* _PROBLEM DESCRIPTION_
All lines from the one containing "Teen Titans Go! (2003-) #15 preview images" through the end of the material below are to be printed exactly, both ends included, minus pictures.

* _DATA SEGMENT_
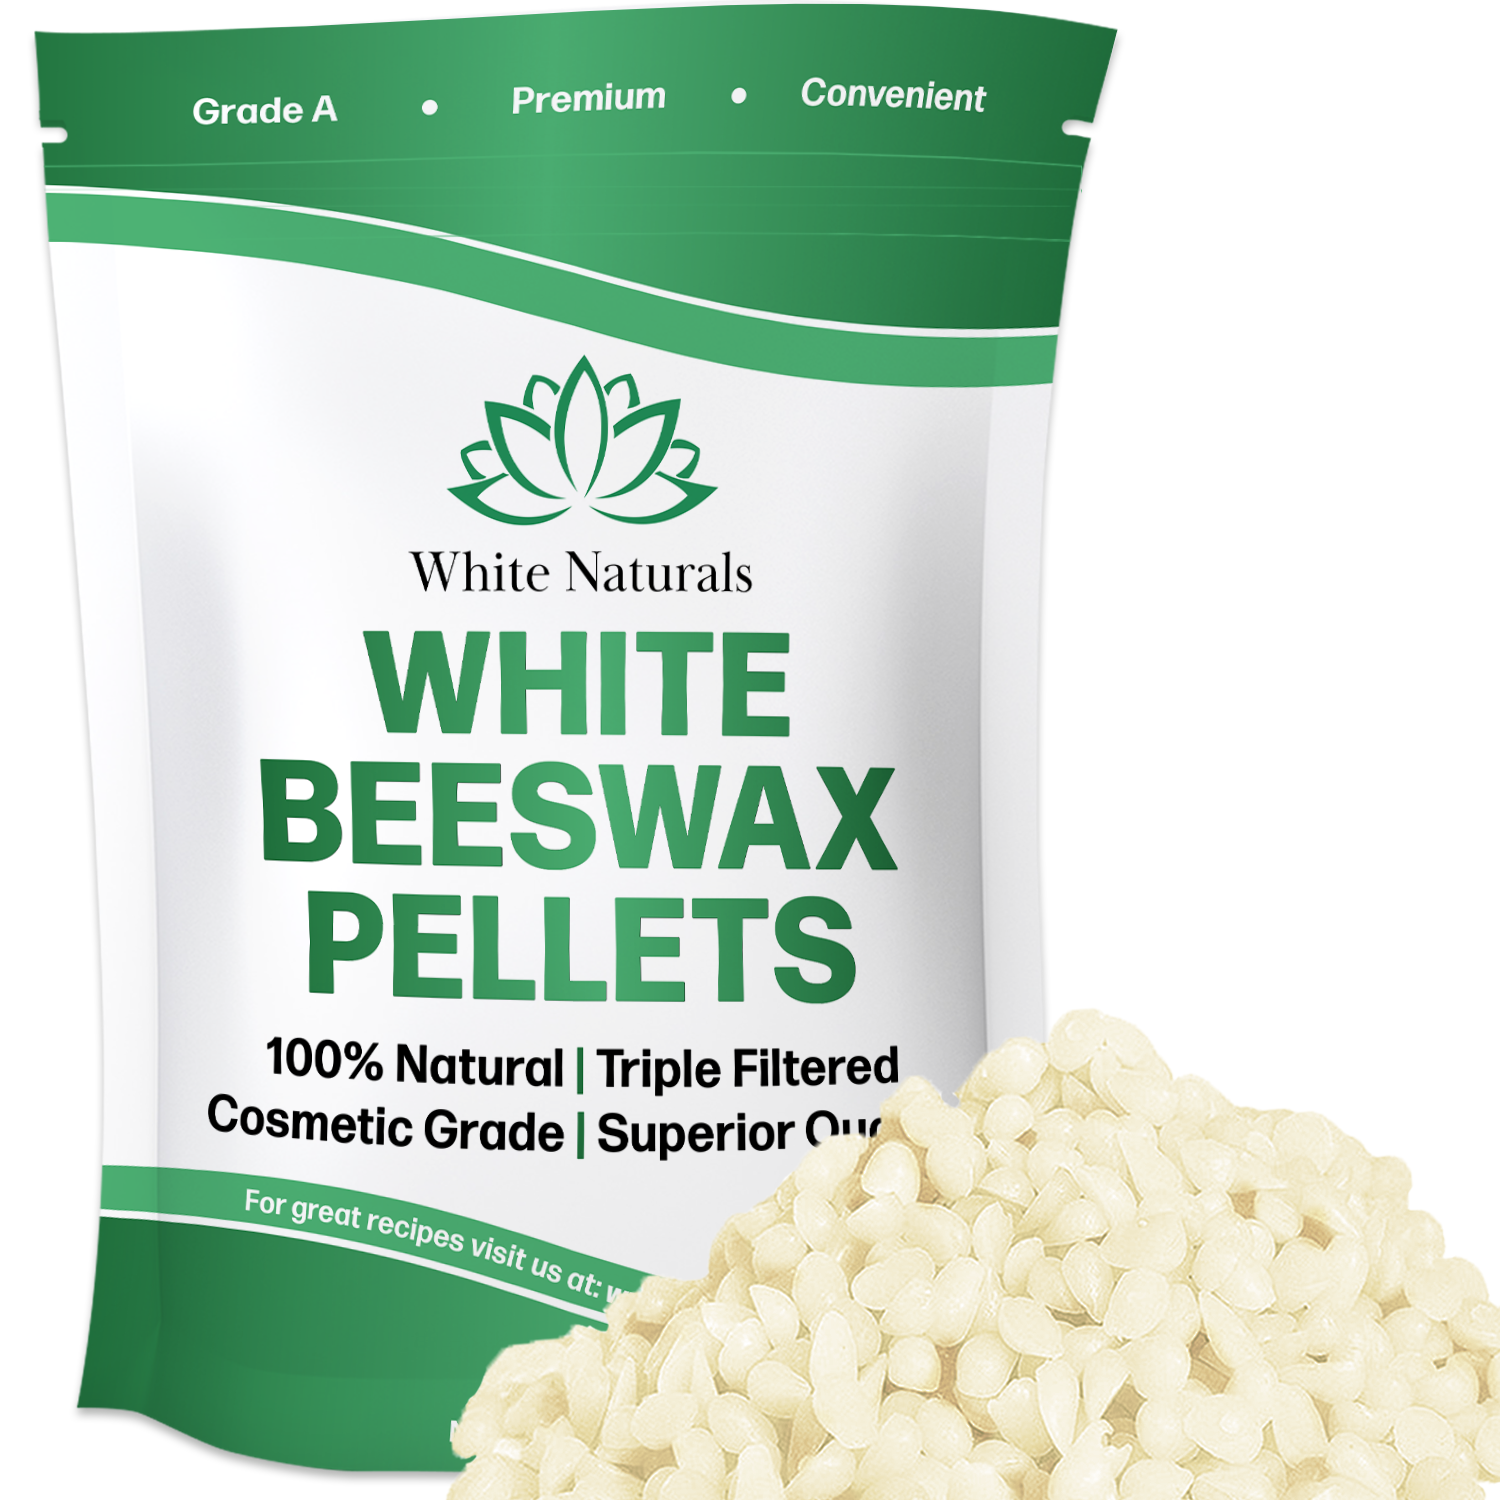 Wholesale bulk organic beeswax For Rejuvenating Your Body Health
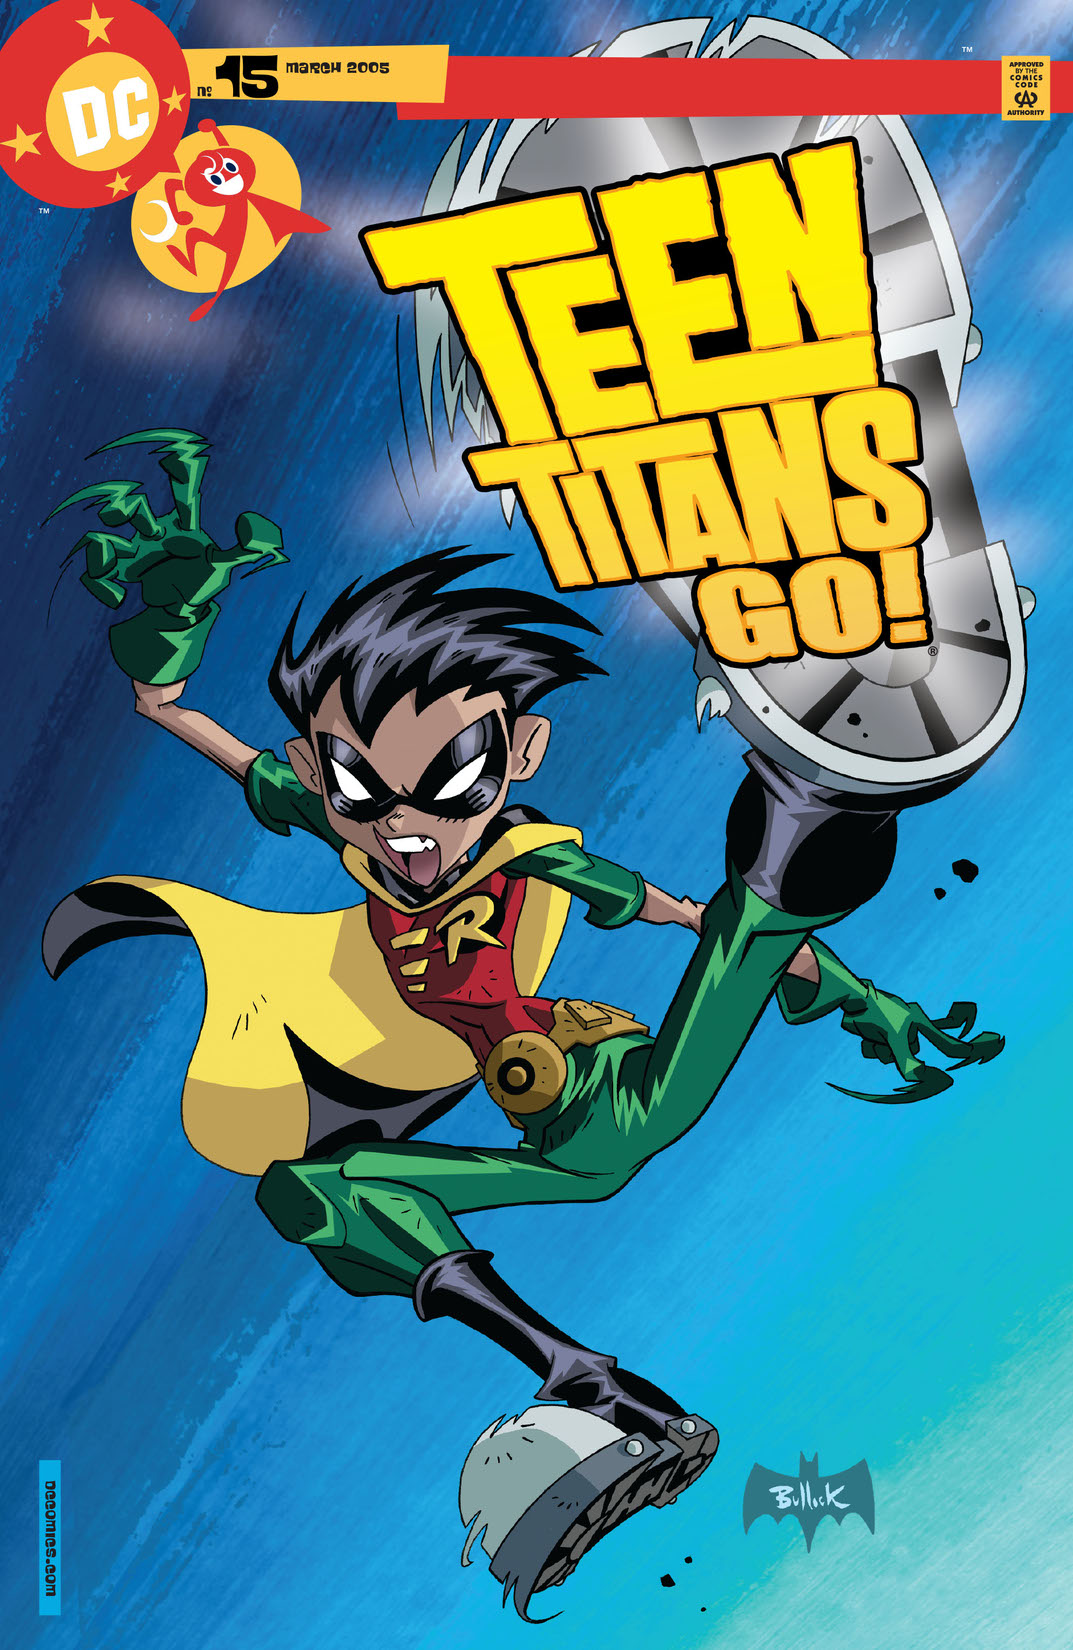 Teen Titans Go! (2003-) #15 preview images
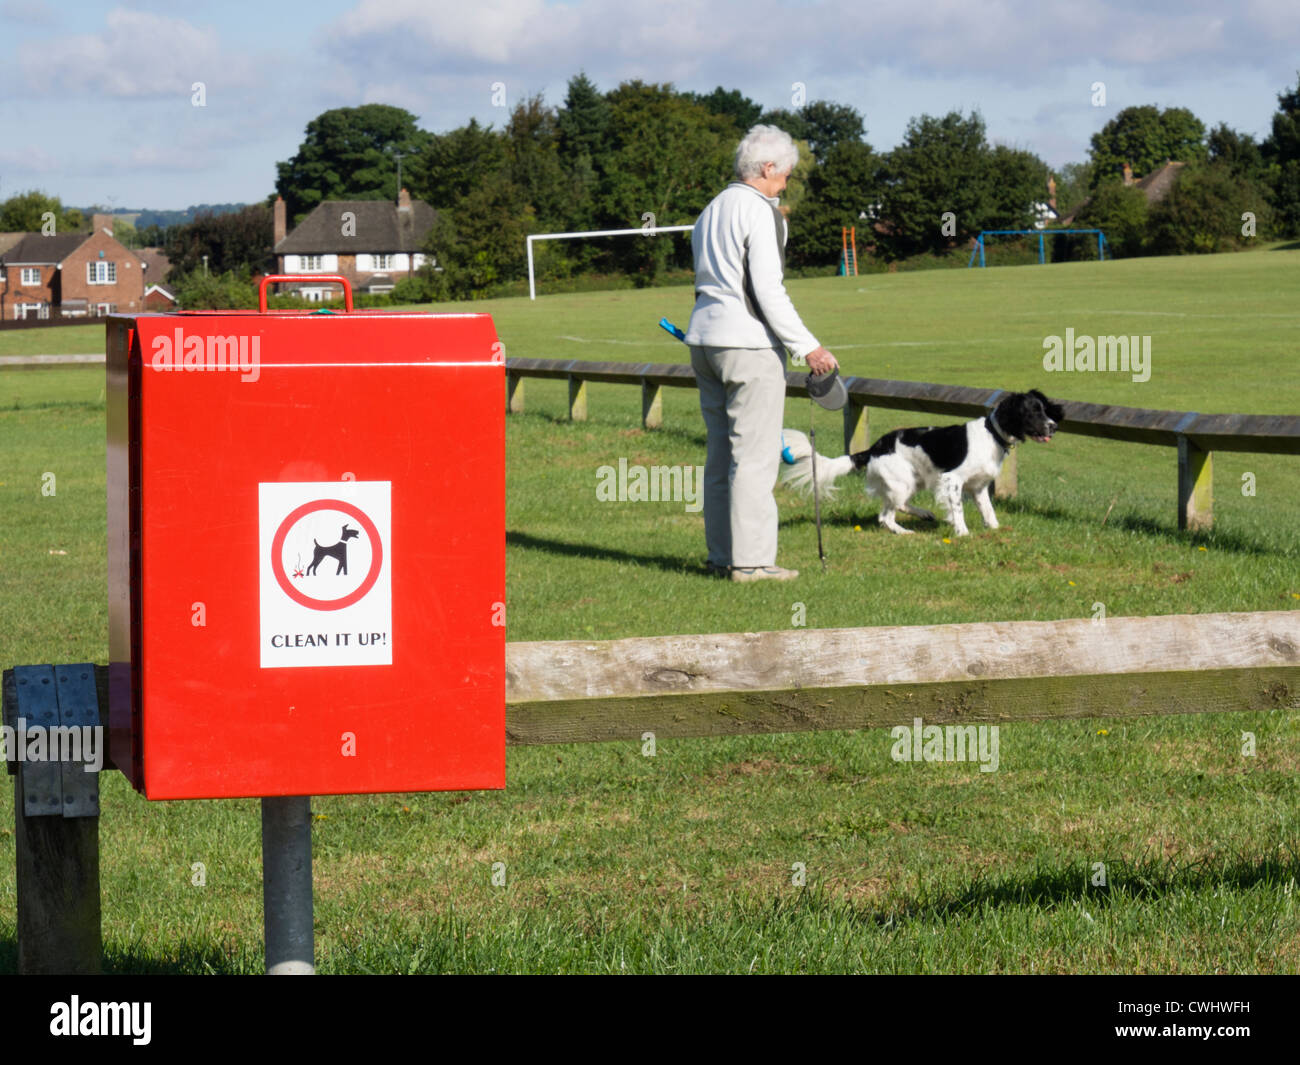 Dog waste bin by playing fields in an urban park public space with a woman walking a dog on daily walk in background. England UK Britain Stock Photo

* _COMPLETED TASK_
 Teen Titans Go! (2003-) #15 preview images
 Dog waste bin by playing fields in an urban park public space with a woman walking a dog on daily walk in background. England UK Britain Stock Photo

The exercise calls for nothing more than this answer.